Elastic rod models are also used to represent DNA. While these models represent DNA as Cosserat curves, they do not perform full dynamical simulations. Manning et al.12 use Cosserat rods to compute the equilibrium configuration for arbitrary DNA sequences – effectively an energy minimisation. Their more recent work has abandoned rods in favour of using interconnected 2D ‘sheets’. Smith et al.11 use a Cosserat model with anisotropic parameters, but focus almost exclusively on analytical self-contact models for supercoiling and plectoneme formation.
Kirchoff rods13 are also used for computational models of slender biological objects. Tobias et al.14 use Kirchoff rods to determine the thermodynamic properties of large ensembles of circular DNA segments. They find exact, analytical equations for the forces and energies in Kirchoff rods, but only for inextensible, uniformly-curved circular rods. Prior et al.15 develop a Kirchoff rod model for finding the bending and torsional response of helical birods from the bending and torsional responses of the constituent rods.
At larger length scales, Cosserat and Kirchoff elastic rod models are commonly used for macroscopic biological objects. An example is the STRANDS package,16 which is designed primarily for surgical simulations.
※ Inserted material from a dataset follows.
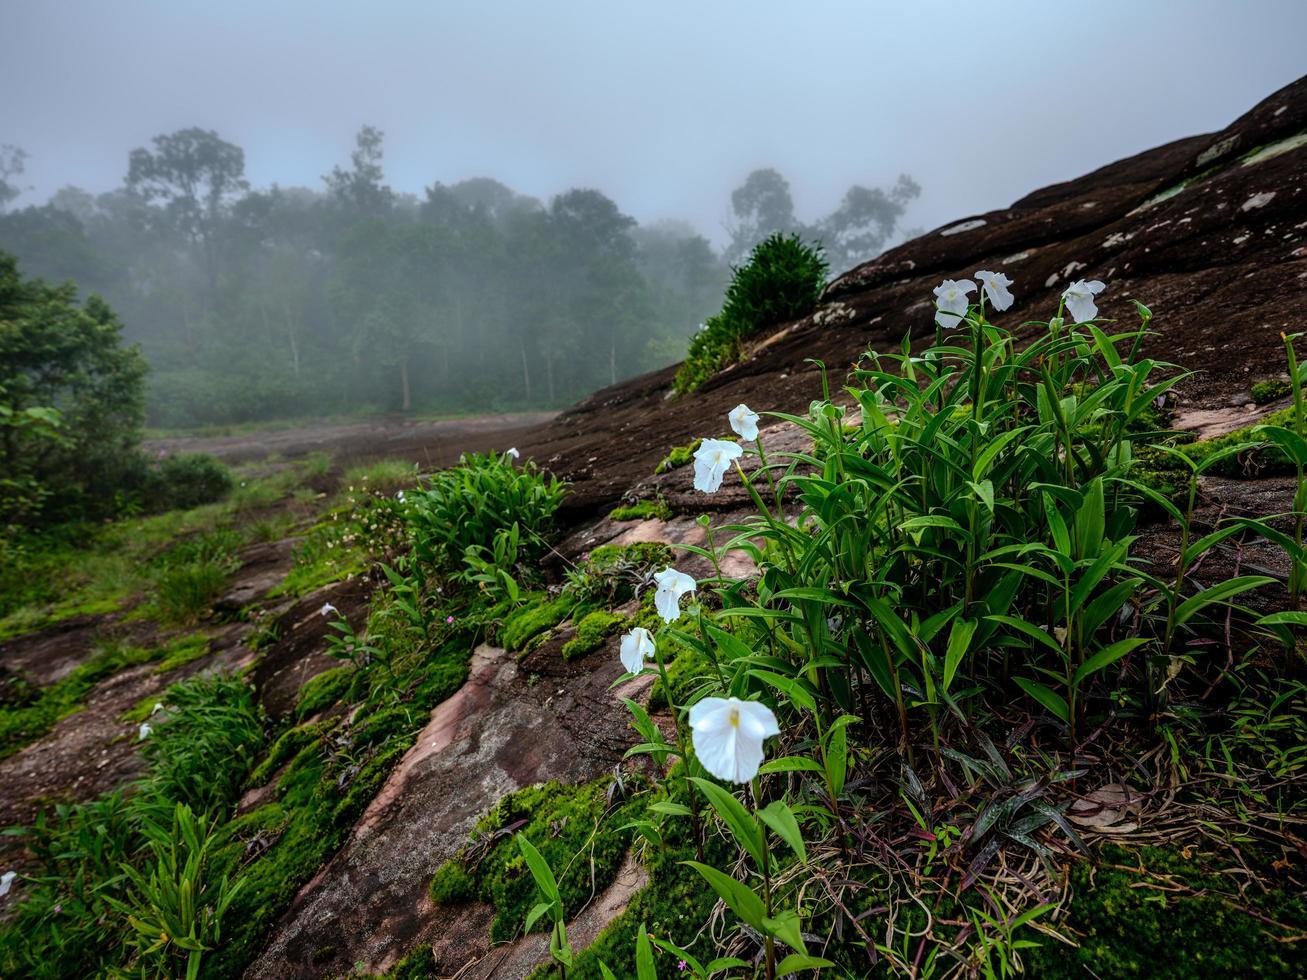 fleur sur rocher en forêt photo

In the next section we set out a general-purpose Kirchoff rod simulation that can incorporate the properties of thin biological objects. Section 3 describes a protocol to set the physical parameters of these rods to match the dynamics of atomistic simulations. Finally, we validate these simulations against both idealised rod models and experimental and atomistic simulations for the dynamics of Ndc80C.
Our goal is to produce a model with the following specific features, in order to capture the essential dynamics of rod-like biomolecules:
• It must be able to incorporate thermodynamically-correct thermal fluctuations, which are essential to the dynamics of mesoscale biological systems.
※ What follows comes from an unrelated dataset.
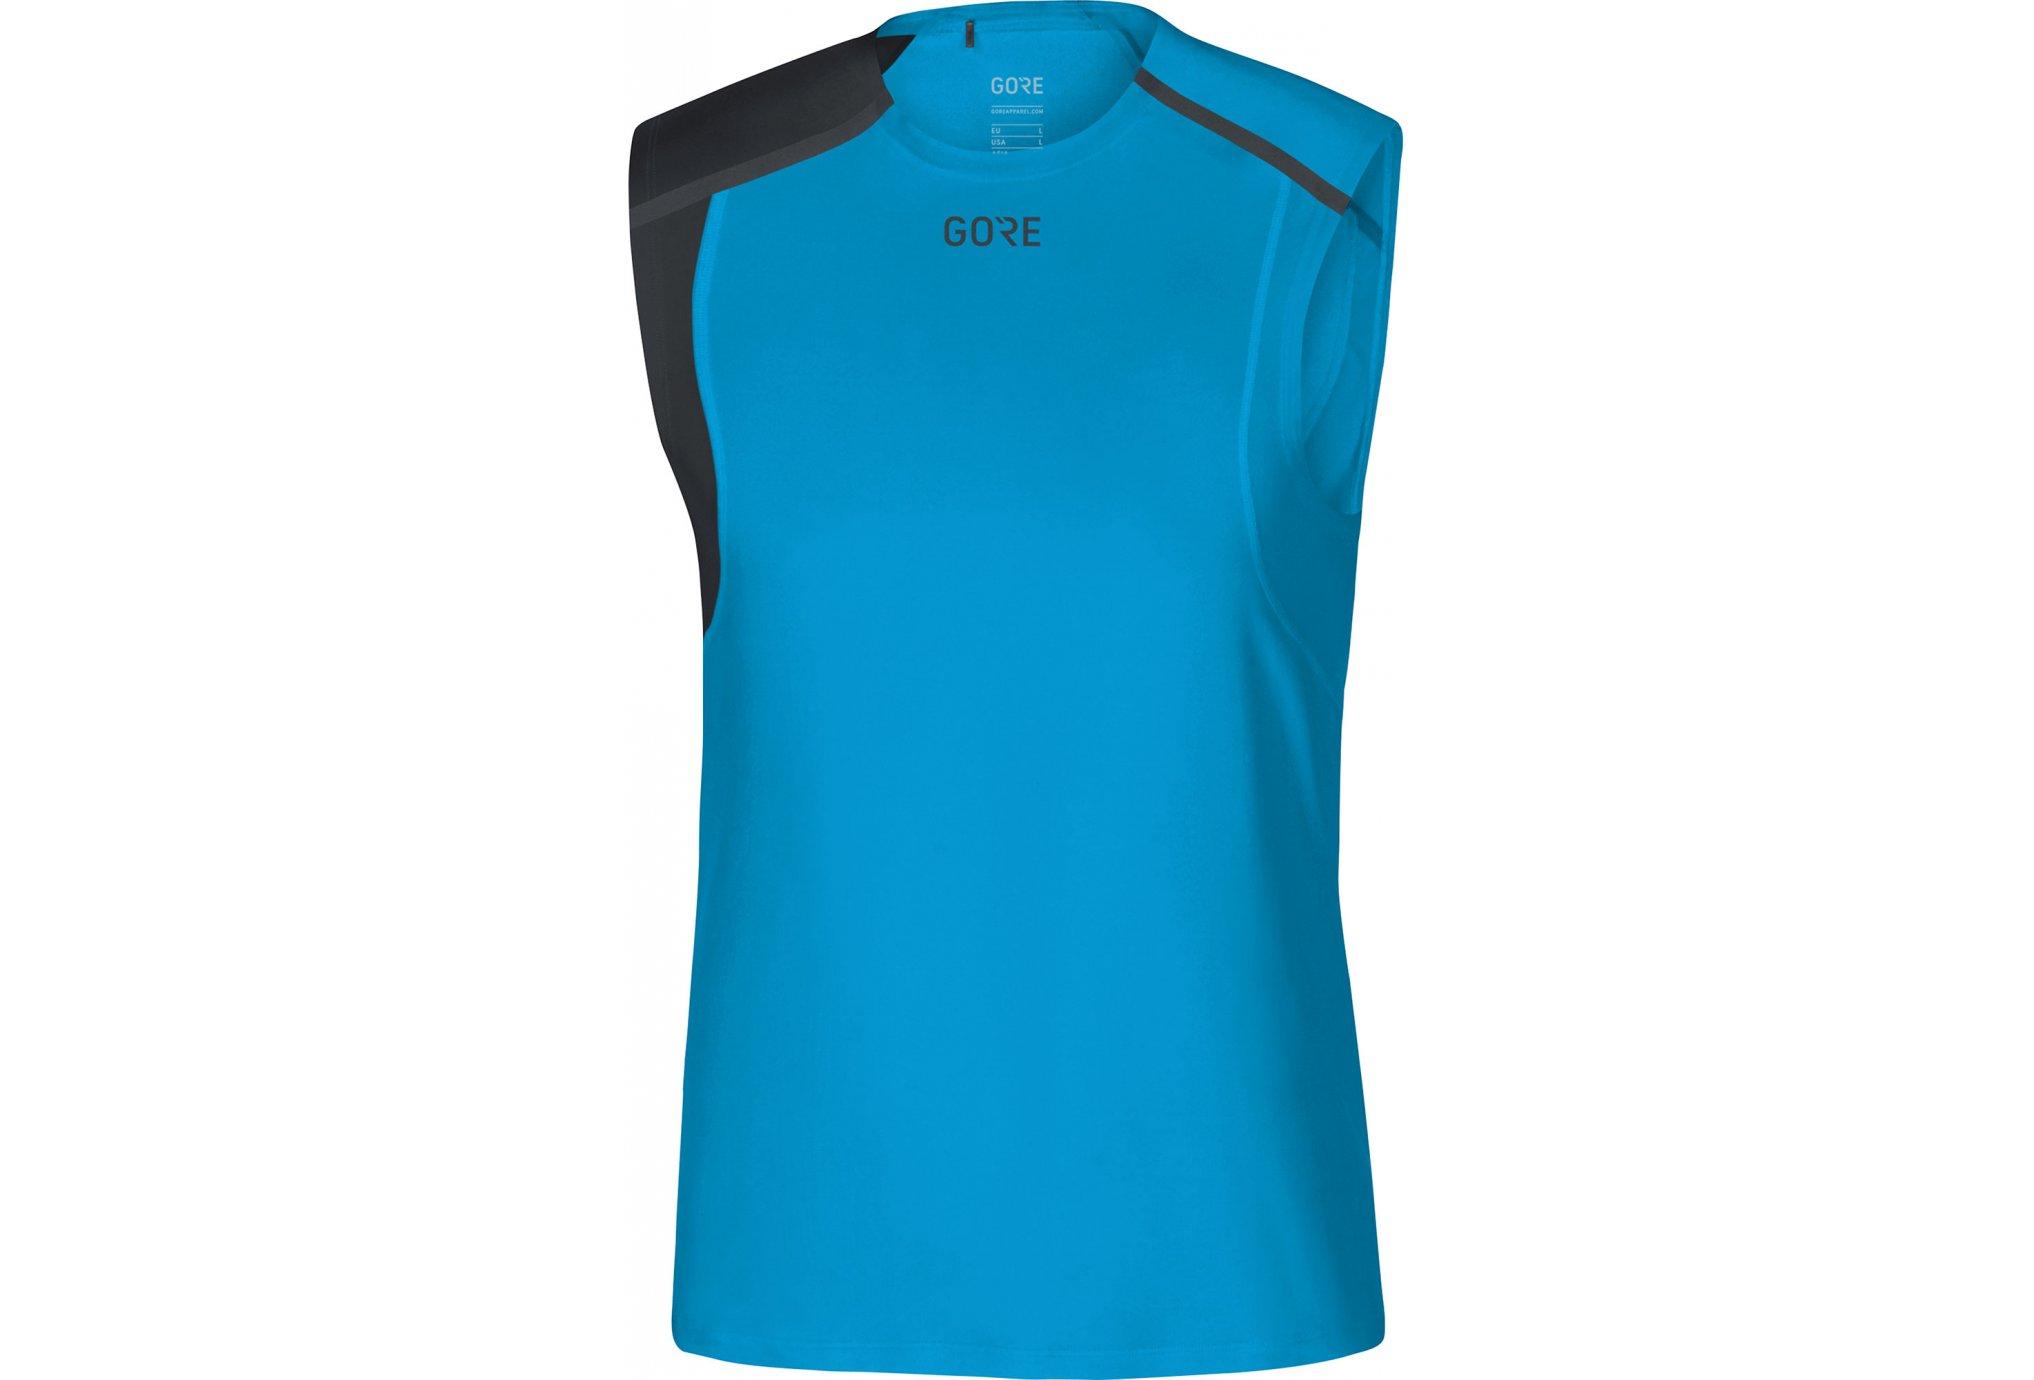 Gore Wear R7 M Diététique Vêtements homme

• The rods should also be able to undergo bending, torsion and extension.
• Rods should be able to correctly represent ‘hinge regions’ in biomolecules, and so must also allow for elastic properties that are inhomogeneous and anisotropic.
• The model must allow for a non-straight equilibrium structure. Many biological objects (such as tubulin, which is found in the spindle microtubules) are bent in their equilibrium configuration, and this is integral to their function.
• It should be computationally inexpensive, allowing simulation of the equivalent of millions of atoms for timescales up to seconds.
Although, some important biopolymers, for example actin and microtubules are effectively inextensible, this limit is not straightforward because the inextensibility constraint requires that the random forces must be confined to space in which the system motion is constrained. Algorithms for achieving this have been developed by Grassia and Hinch,17 Morse18 and Liverpool.19
![]() | ||
Fig. 2 An example of a continuous framed curve. The tangent, l, and material axes represented by the normal vector m and binormal vector n are shown at two points on the curve. |
Most rod models use a formulation by Kirchoff,13 or by the Cosserat brothers6 to describe their energies. Elastic rods that are based on these curves are called Kirchoff or Cosserat rods.
This discretisation is based on the discretisation from Bergou et al.,22 but substantial modifications have been made in order to better support modelling of biological molecules: the addition of extension energy, the removal of inertia, the addition of viscous drag, the addition of thermal noise, changes in the bend energy formula to support hinge regions, and changes to the twist energy formula to support arbitrary equilibrium twisting. These differences will be discussed in greater detail in Section 2.4. The nodes are located at positions ri, where i ∈ {0, N − 1}, so that there are N − 1 segments, with end-to-end vectors pi = ri+1 − ri, and the unit vector along the rod li = i = pi/|pi|.
To represent the internal twisting of the rod, we define the material axes, mi and ni, to be perpendicular to li, such that ‖li‖ = ‖mi‖ = ‖ni‖ = 1 and li·mi = mi·ni = ni·li = 0. The choice of initial direction of mi and ni is arbitrary except that they must obey these constraints. However, these vectors are used to represent the relative twisting of rod elements, and form the basis of a local co-ordinate system which rotates as the rod rotates. The local material properties also rotate with the rod, so the directions of mi and ni are also used to define the locally anisotropic material properties. A method to initialise a rod which is untwisted at equilibrium is provided in eqn (31).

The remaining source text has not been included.